Короткое, обрывочное прощание. Тайком выходит Персиваль, Монтессори тепло прощается с королевой и желает ей счастья, Монтегю… Агата тоже вышла – рыдает, шепчет о несчастье, но Гвиневра не понимает, что речь идет об аресте ее отца.
-Это не конец. – Ланселот пожимает руки, три или четыре раза уже Моргане и никак не может оставить все. Оставить разом.
-Пора, - торопит Мерлин, тоже вышедший на прощание. – Будьте счастливы.
И уже тихо, серьезно добавляет Ланселоту:
-Кармелид арестован. Мы…будем скоро у вас. Посмотрим.
-хвала небесам. – тихо отзывается Ланселот. И снова…прощание, тяжкое…
Уходит дорога. Дорожная пыль смешивается с рассветной дымкой, с холодом.
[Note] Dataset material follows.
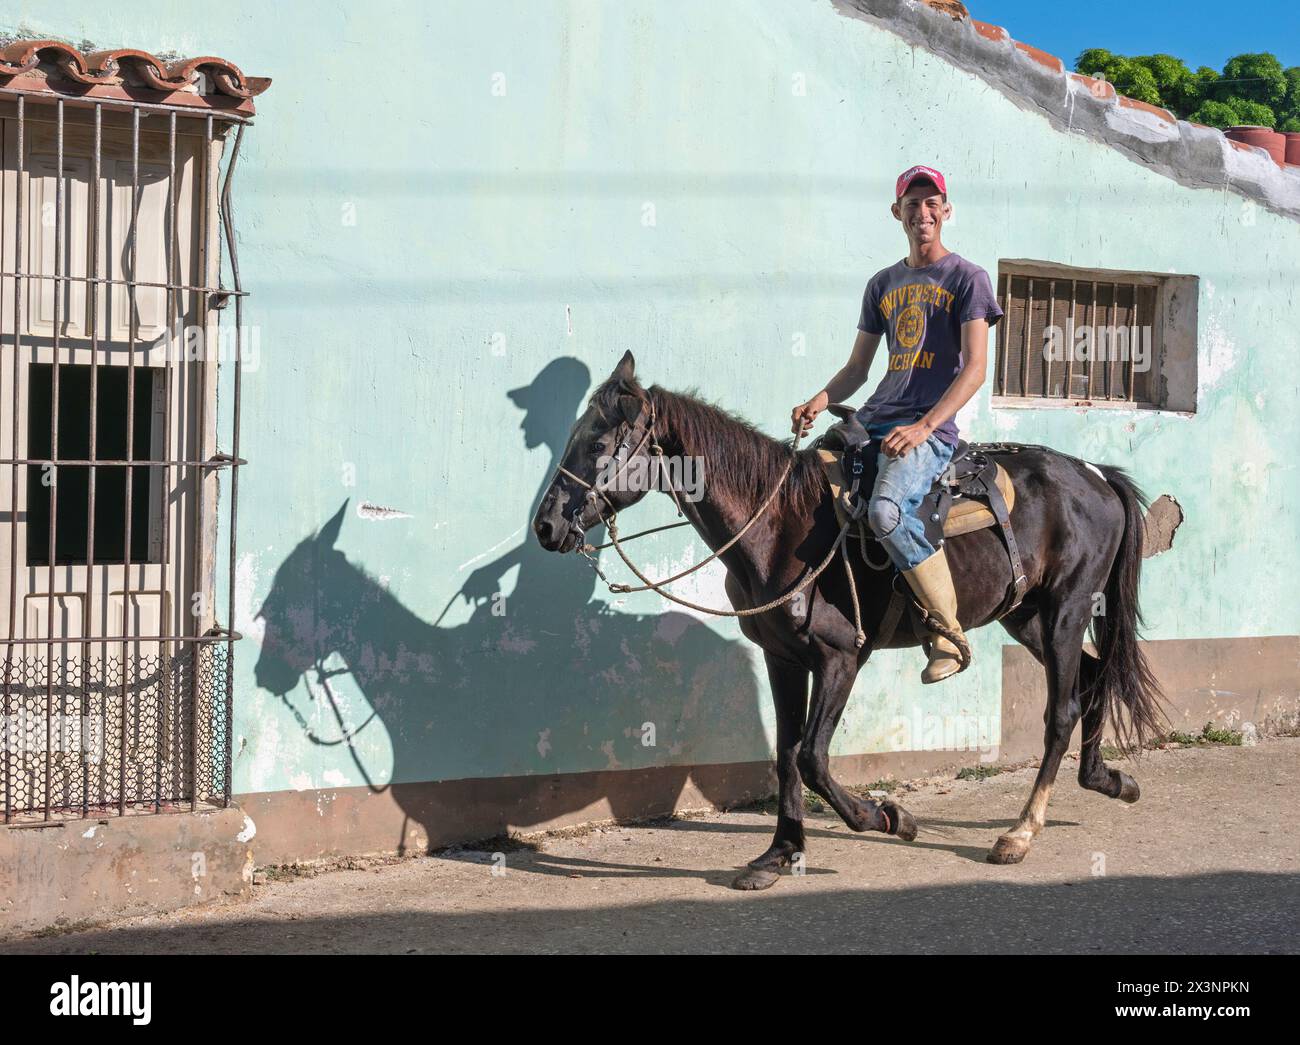 Un local qui monte son cheval dans les rues latérales de la vieille ville, Trinidad, Cuba Banque D'Images

Моргана стоит, наблюдая за повозкой, которая уже скрылась вдали, за поворотами и все же не может вернуться в замок.
-надо идти, - зовет ее Мерлин и оба остаются стоять, глядя вдаль.
Проходит примерно четверть часа прежде, чем эти двое, простояв в молчании сблизившись больше, чем за все время их знакомства, идут, наконец, в замок. Моргана и Мерлин идут к Артуру – находят его в его собственных покоях, пьяного, жадного до любви, до отыгрыша, до возмездия и не желающего при этом одновременно, ни любви, ни победы, ни мести…
-Это будет…тяжело, - выносит вердикт Мерлин, пока короля тошнит на его же собственную постель, а Моргана пытается посчитать опустевшие бутылки.
А повозка едет, увозя по дороге разбитых грез двух любящих друг друга людей, изранивших любовью этой и себя, и других. Впереди – время… впереди исцеление и терпение друг к другу, впереди новый мир и ждущий их в землях Кармелида Мелеагант со своей женою – Лилиан и другом – графом Уриеном Мори…
В Камелот пришли тёмные времена. Монтессори выражался литературно и заявлял, что это «тяжёлый период для народа, который нужно преодолеть, объединившись всем», Моргана говорила короче и грубее. Она не считала, что у народа проблемы, выражая своё мнение, что народ живёт так, как жил и раньше, ну с небольшими колебаниями, а вот в самом центре, в замке Пендрагона всё действительно хуже. Прошло две недели с прилюдного разоблачения Гвиневры и Ланселота, с их отъезда, или вернее даже, бегства в земли герцога Кармелида, и вроде бы шепоты даже уже затихали, во всяком случае, оказалось, что обсуждать павшую королеву и рыцаря не так интересно на долгой основе – тема была ясная, и ничего особенного не произошло, но всё же атмосфера царила мрачная. Король, например, пил. Пил много, жадно, не жалея никого кругом. Всё правление полностью легло на плечи Морганы, Монтессори и Мерлина, решившего, что здесь он нужнее, чем принцу де Горру. «Союз трёх М воссоединился!» - злобно шутили в коридорах, но даже шутки эти произносились тихо, не приведи небо, кто-нибудь из этой троицы услышит – не оберешься проблем. Кому захочется ссориться с друидом, коварным советником или феей? Только самоубийце или идиоту, а запас таковых не был в Камелоте большим.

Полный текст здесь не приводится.